The aviation fuel commonly used in airplane/jet turbine engine is fossil based petroleum fuel that is responsible for the soot, aromatics, particulate matter and greenhouse gases emission. Aviation transportation is severely affecting the Environment and finding as the most challenging sector in fulfilling the mission of decarbonization and net-zero emissions. A paradigm shift from conventional aviation fuels (CAF) to sustainable aviation fuel (SAF) is crucial that can reduce the environmental impact from the aviation emission. This typically involves the biobased or biomass derived carbon base liquid fuels or additives that typically blended to certain proportion in the aviation fuels.
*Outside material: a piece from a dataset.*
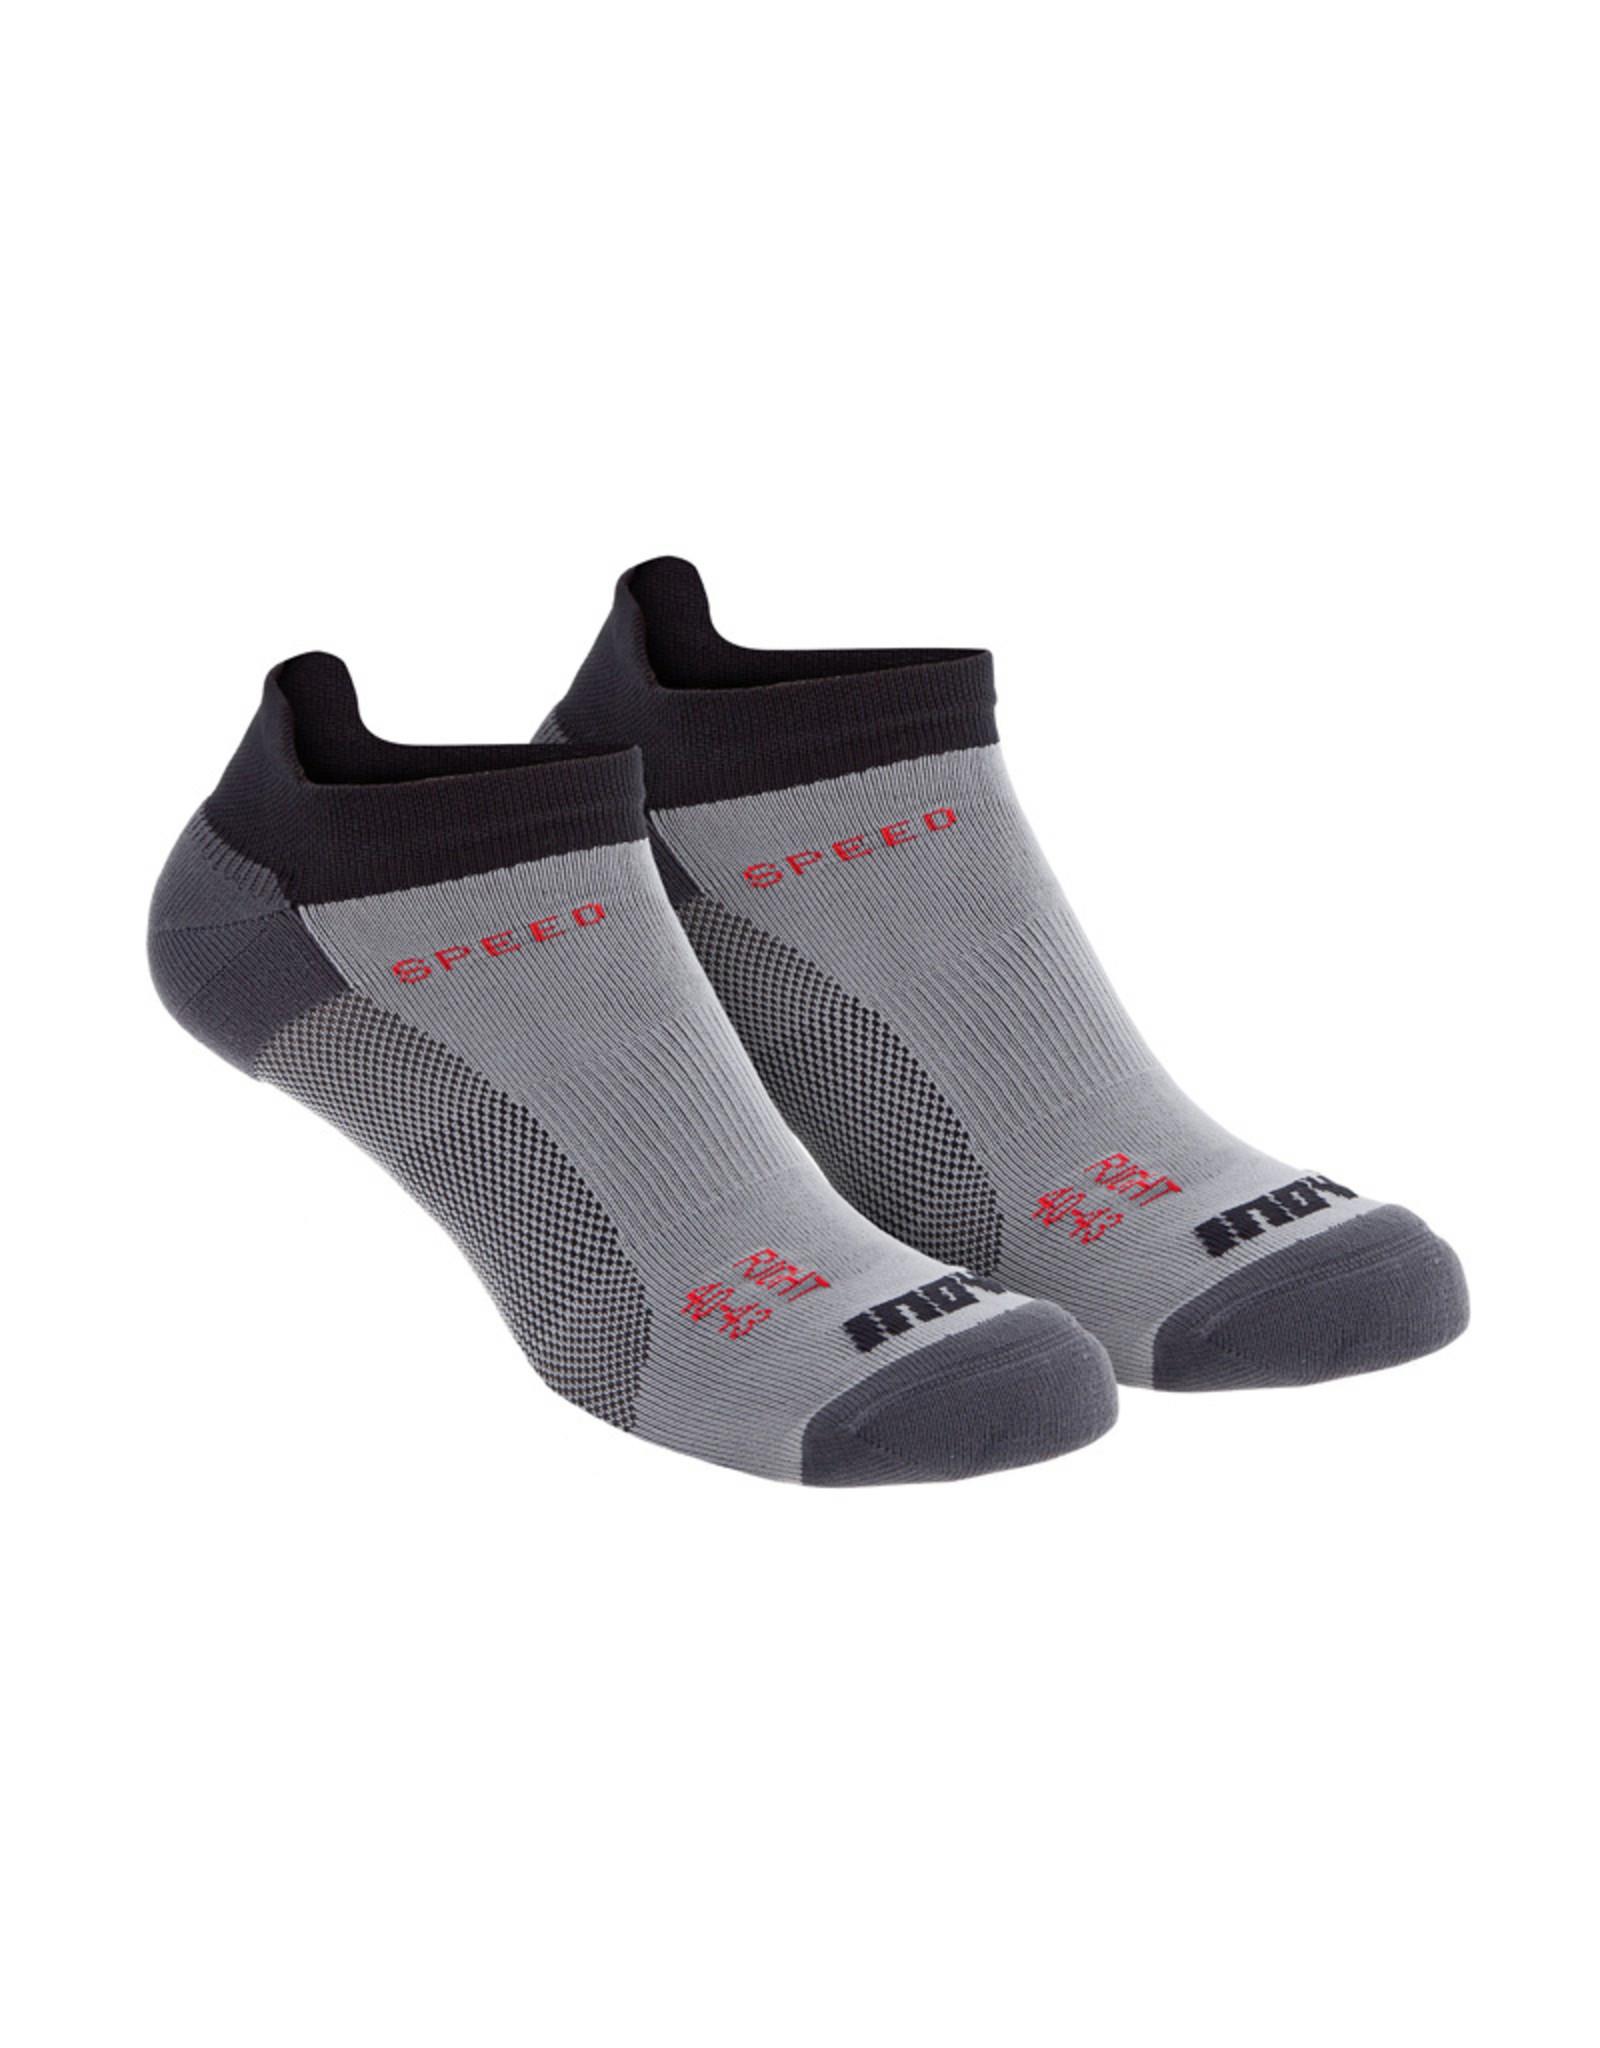 Inov-8 Speed Sock Chaussettes De Running Laag Deux Paires - Noir

In view of this, the present work determines the applicability of various biomass-based alkyl levulinates (methyl, ethyl and butyl) as a potential additive for aviation turbine fuel (ATF). Various methyl, ethyl and butyl levulinate blends (0.25–10 %) with aviation fuel are subjected to determine the different properties (density, lubricity, kinematic viscosity, aromatic contents, smoke point emission, copper strip corrosion, freezing point, cetane index, net heat of combustion (energy content), thermal oxidation stability and CO₂ emission). Experimental results showed that, lubricity property, density, smoke point, corrosion inhibition ability, freezing point and kinematic viscosity is improved while aromatic contents, corrosion ability and soot emission decreases for levulinate blended aviation fuel. Interestingly CO₂ emission (kg/L) was determined and calculations suggested that, CO₂ emission was reduced by 8.86 % for the use of levulinate blended aviation fuel. The present laboratory experimental results demonstrated promising scope to use of alkyl levulinate as a potential possible additive for ATF (Jet A-1 type).